删除匹配的第n行,直到空行的awk / SED / grep的 [英] Delete matching nth line until blank line in awk/sed/grep
问题描述
我需要从比赛中删除一个文件中第n个匹配的行到下一个空行(即开始第n匹配空行分隔符的文本中一个模块)。
I need to delete the nth matching line in a file from the match up to the next blank line (i.e. one chunk of blank line delimited text starting with the nth match).
推荐答案
这将删除文本块启动,并以一个空行开始的第四个空行结束。它还会删除那些划定线路。
This will delete a chunk of text that starts and ends with a blank line starting with the fourth blank line. It also deletes those delimiting lines.

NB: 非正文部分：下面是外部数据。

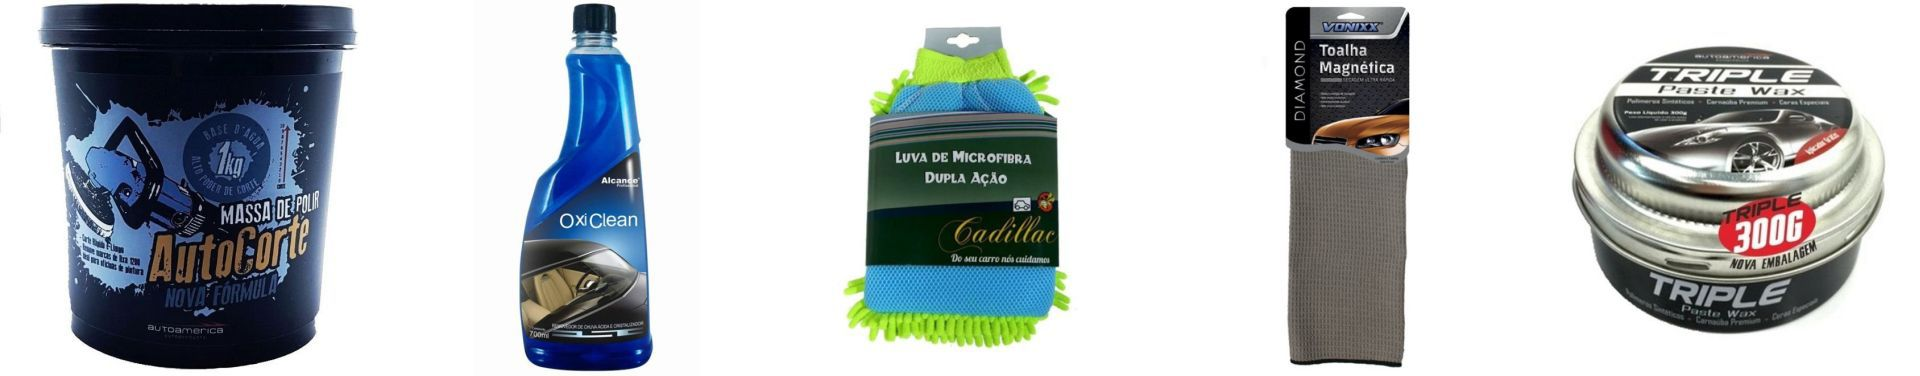 Kit Massa de Polir+OxiClean+Luva+Toalha Magnetica+Cera Triple

sed -n '/^$/!{p;b};H;x;/^\(\n[^\n]*\)\{4\}/{:a;n;/^$/!ba;d};x;p' inputfile
更改第一个 / ^ $ /
来改变开始的比赛。更改第二个改变比赛结束
Change the first /^$/
to change the start match. Change the second one to change the end match.
鉴于这种输入:
aaa
---
bbb
---
ccc
---
ddd delete me
eee delete me
===
fff
---
ggg
该版本的命令:
sed -n '/^---$/!{p;b};H;x;/^\(\n[^\n]*\)\{3\}/{:a;n;/^===$/!ba;d};x;p' inputfile
会给这个作为结果:
would give this as the result:
aaa
---
bbb
---
ccc
fff
---
ggg
编辑:
我删除了上述 SED
命令外来 B
指令。
I removed an extraneous b
instruction from the sed
commands above.
下面是一个注释版本:
sed -n ' # don't print by default
/^---$/!{ # if the input line doesn't match the begin block marker
p; # print it
b}; # branch to end of script and start processing next input line
H; # line matches begin mark, append to hold space
x; # swap pattern space and hold space
/^\(\n[^\n]*\)\{3\}/{ # if what was in hold consists of 3 lines
# in other words, 3 copies of the begin marker
:a; # label a
n; # read the next line
/^===$/!ba; # if it's not the end of block marker, branch to :a
d}; # otherwise, delete it, d branches to the end automatically
x; # swap pattern space and hold space
p; # print the line (it's outside the block we're looking for)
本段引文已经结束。